The other day I told the kids in my humane education class that they’re not just training shelter dogs, they’re saving lives. At first blush, that may sound like an outlandish claim. On closer examination, it really is true.

One of the primary reasons dogs are relinquished to shelters is due to behavioral issues that could easily have been prevented or curbed with positive training. Behaviors like jumping up that were seen as cute when the dog was a puppy become an annoyance when the dog becomes a bigger stronger adult. Problem behaviors are often punished making them worse, or overlooked until they become extreme and harder to modify.

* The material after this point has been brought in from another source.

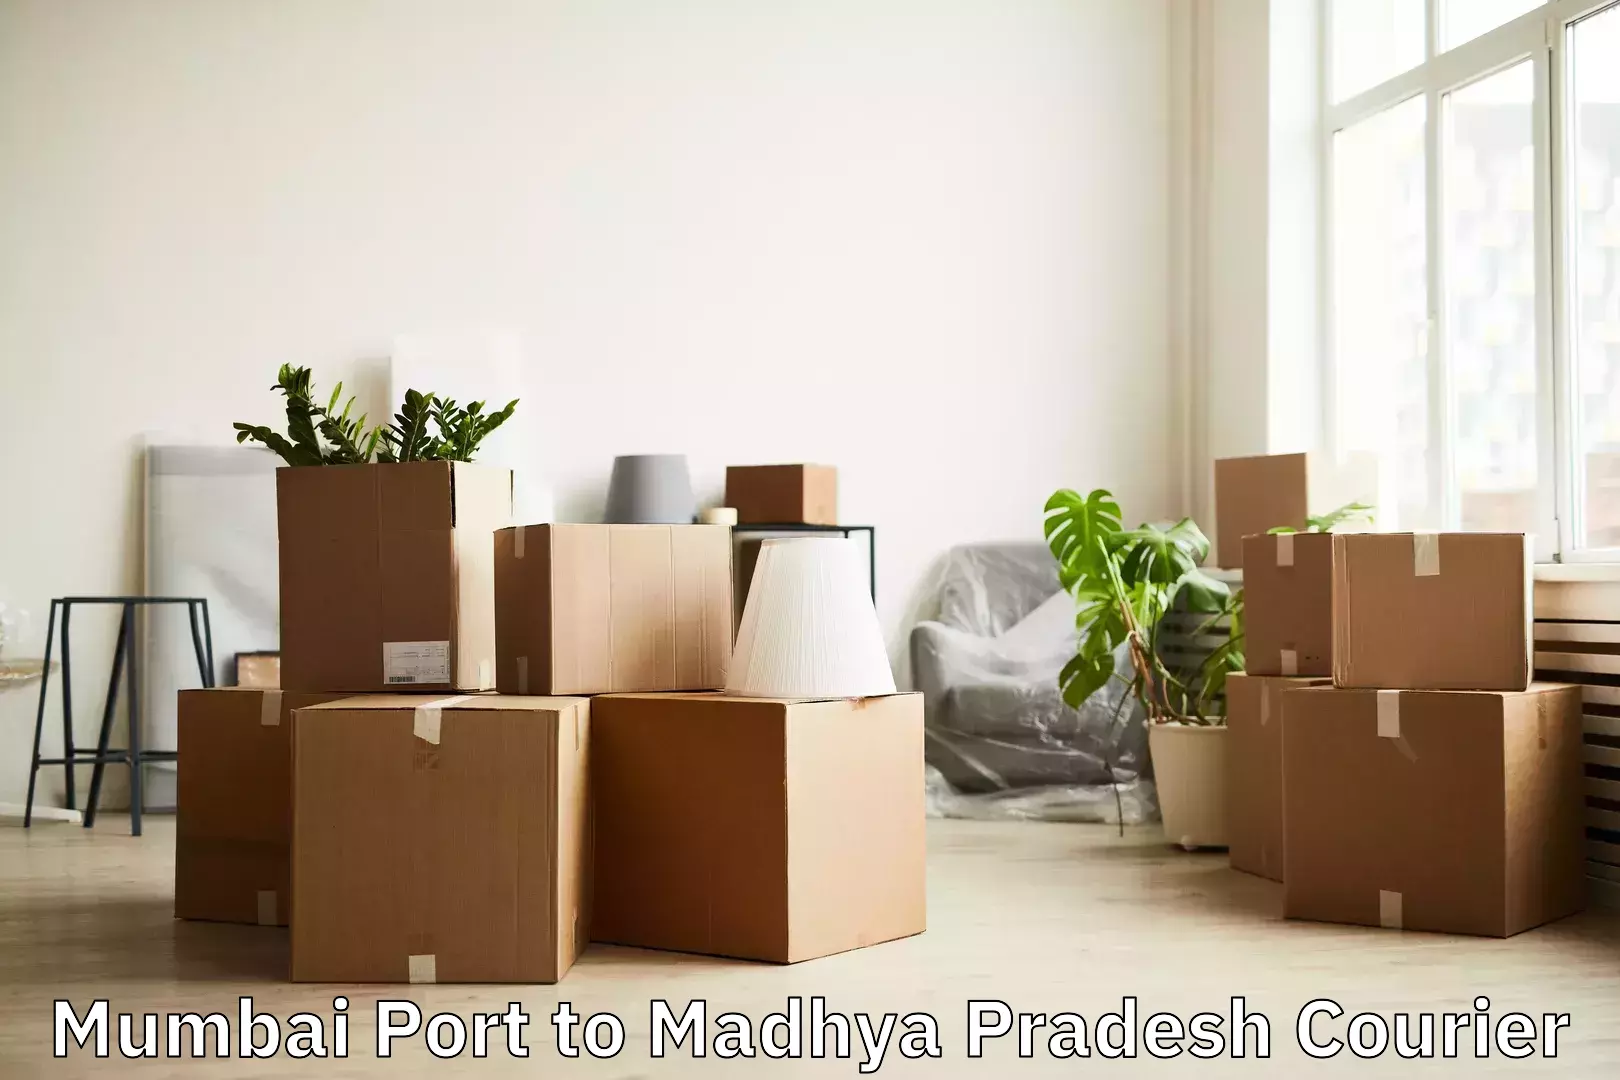 Luggage delivery providers Mumbai Port to BHEL Bhopal

Many guardians with a poorly-behaved untrained dog throw their hands in the air out of frustration. Many give up on their dogs altogether and surrender them to shelters. Once in a shelter, a dog’s future prospects are far from rosy. Given the severe pet overpopulation problem, current economic realities, and the common mentality that shelter dogs are “defective,” shelter dogs have a slim chance of adoption and a high chance of being euthanized.

However, dogs that are well-trained in polite manners have a much greater chance of staying in their homes. The same is true for dogs whose undesirable behaviors have been modified with positive reward-based training.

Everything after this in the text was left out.